● **DATA PROVIDED**
____
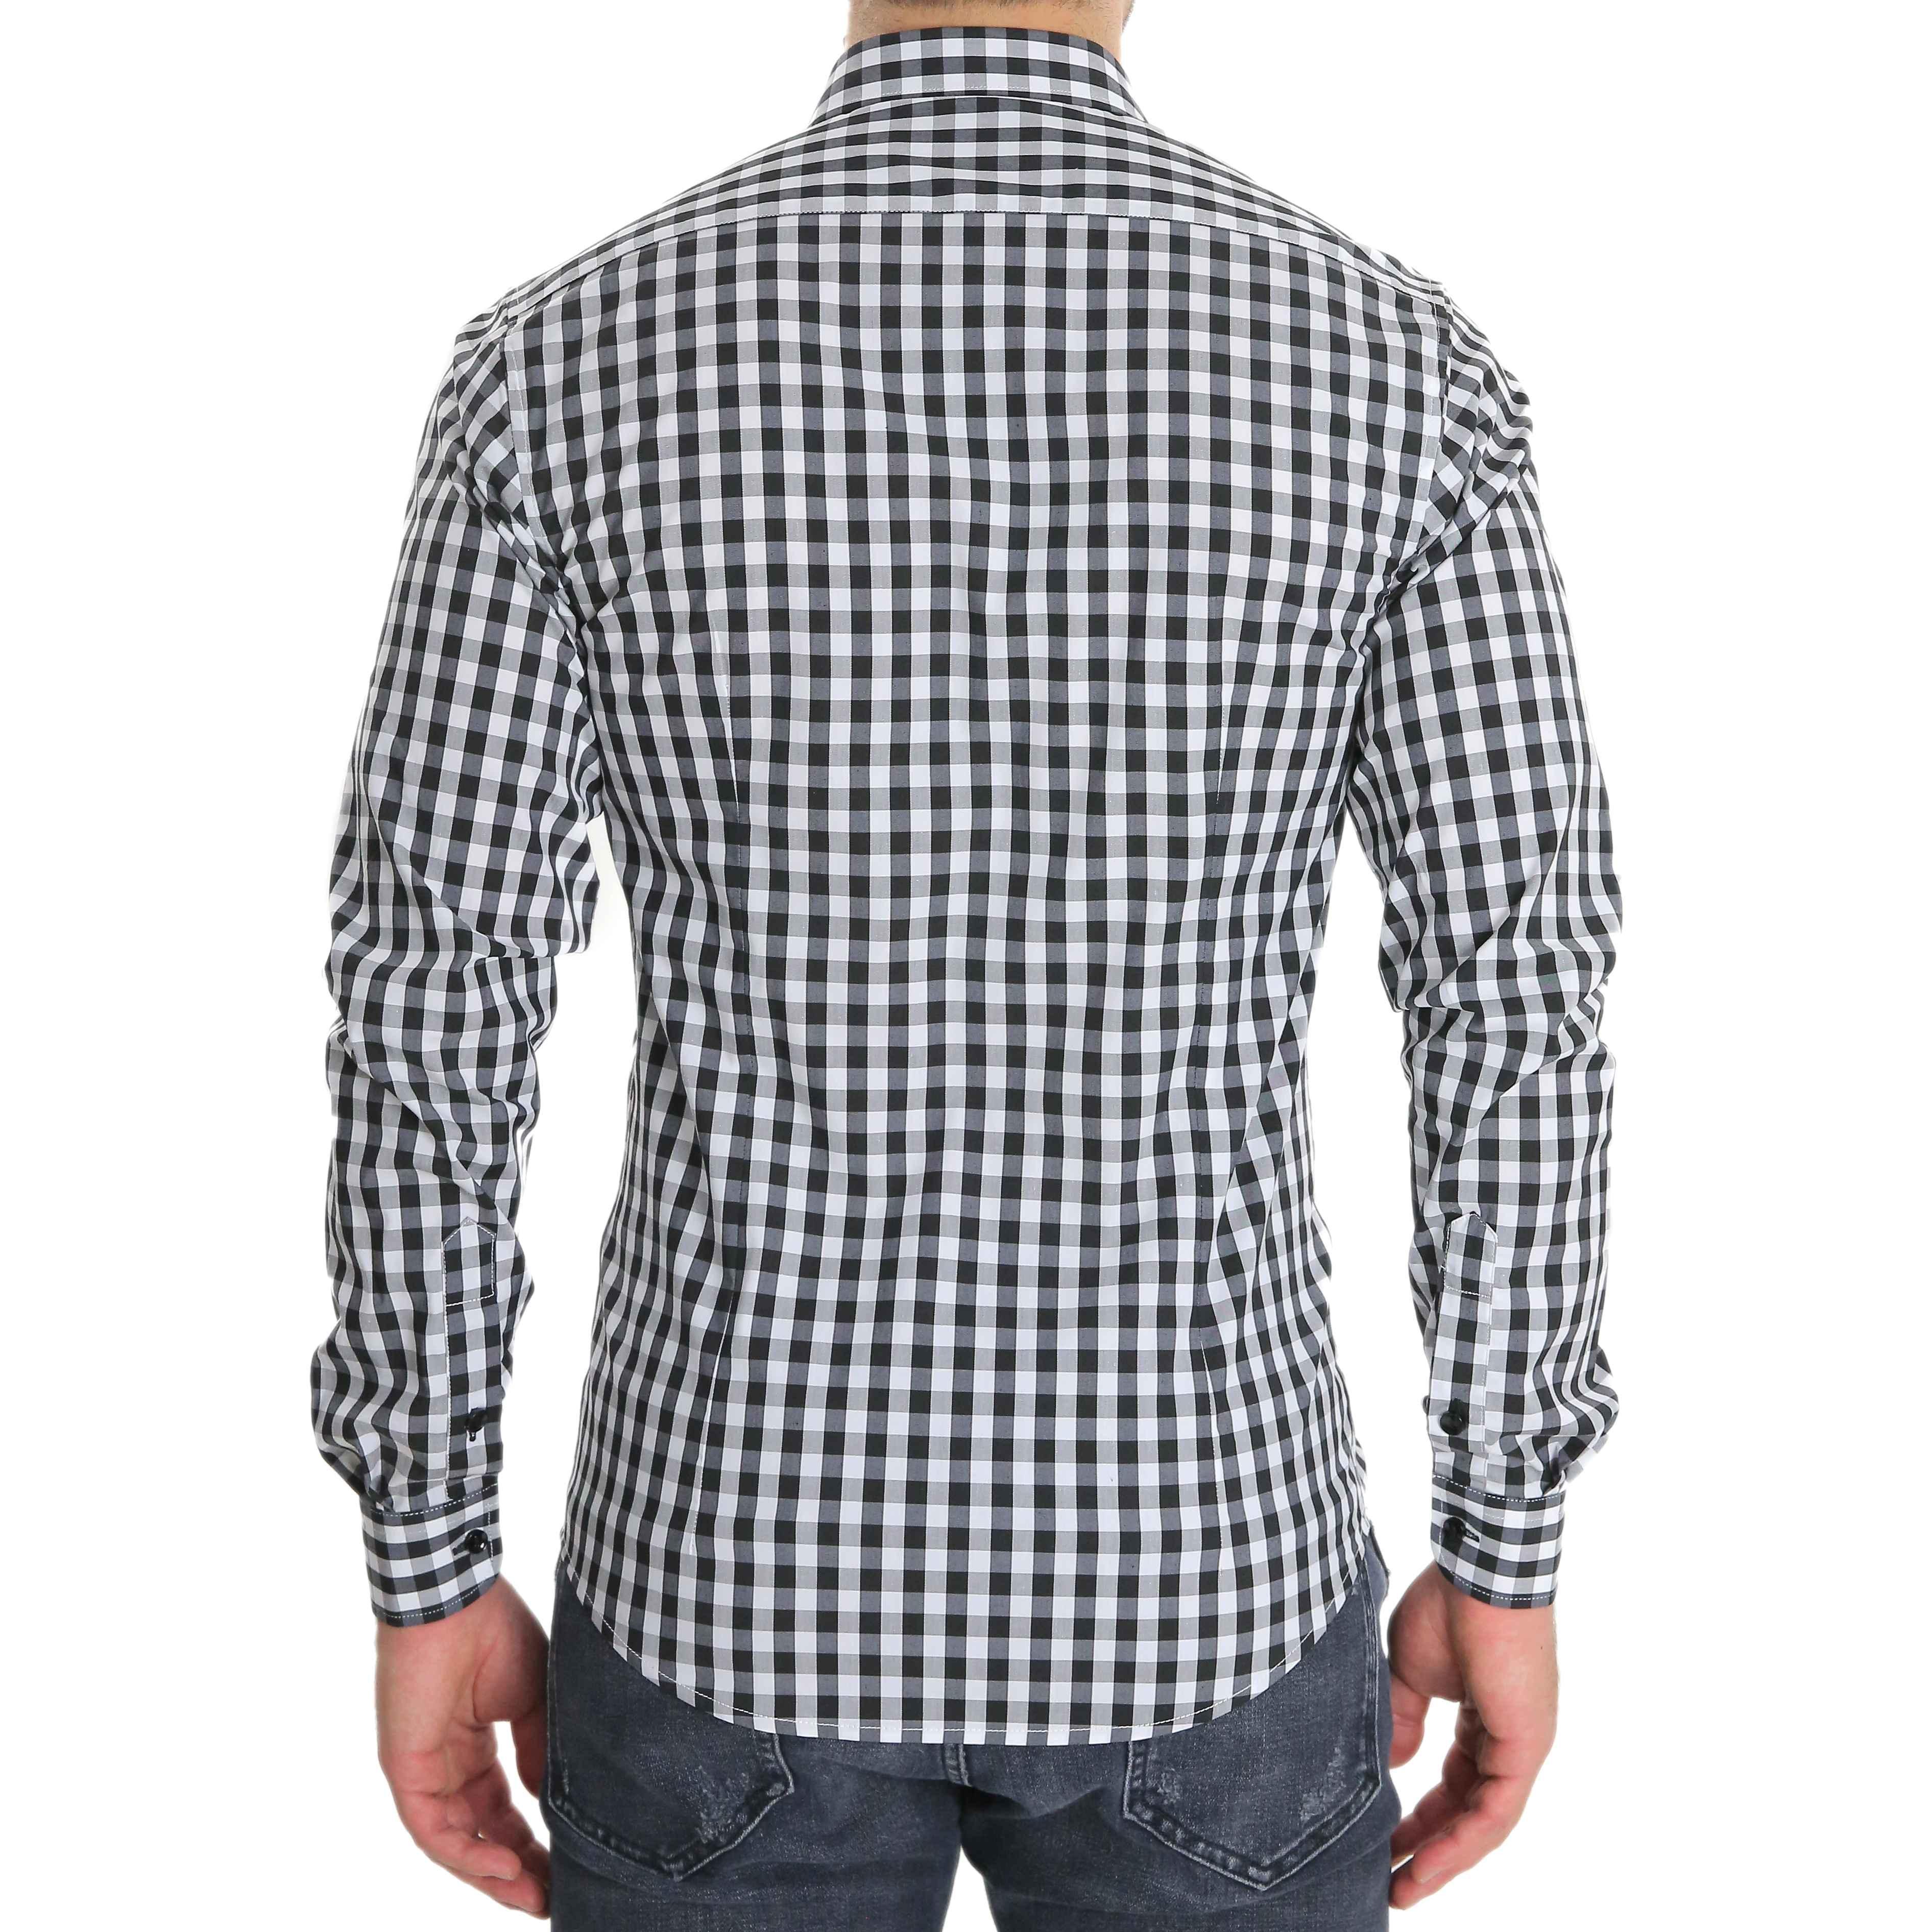 Camicia-Uomo-Cotone-Quadretti-Casual-Slim-Fit-Quadri-Scozzese-Manica-Lunga miniatura 5
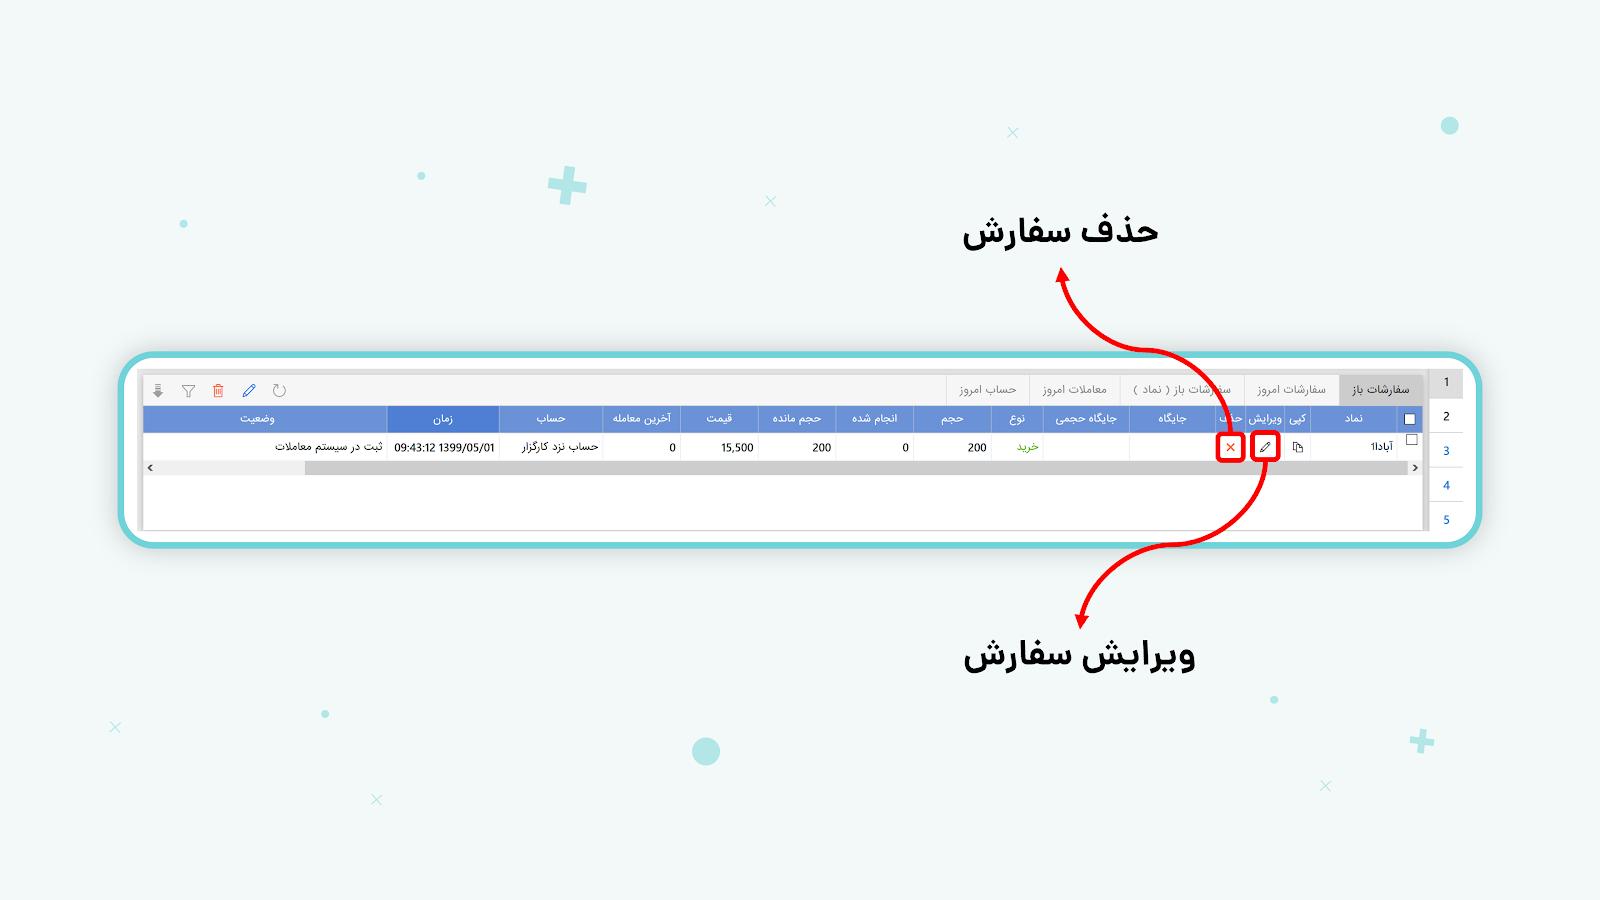 حذف یا ویرایش سفارش در آنلاین پلاس
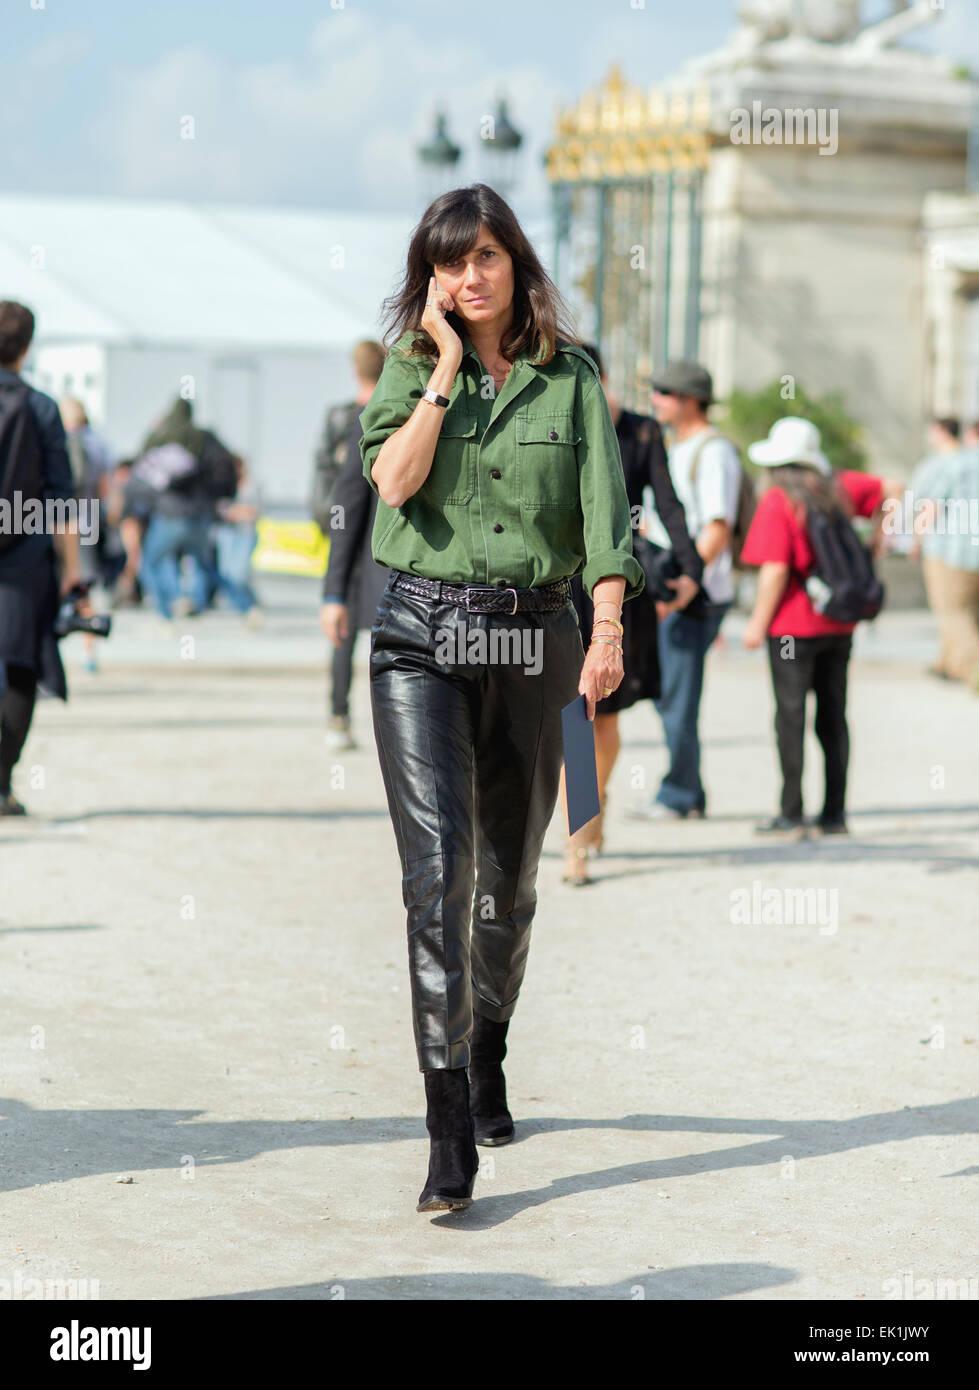 Emmanuelle Alt Style Stock Photos & Emmanuelle Alt Style ...
____
● **EXERCISE PROMPT**
Begin at the line with "حذف یا ویرایش سفارش در آنلاین پلاس" and end at the last line of the data above. Reproduce those lines exactly, but not the pictures.

● **OUTPUT**
 حذف یا ویرایش سفارش در آنلاین پلاس
 Emmanuelle Alt Style Stock Photos & Emmanuelle Alt Style ...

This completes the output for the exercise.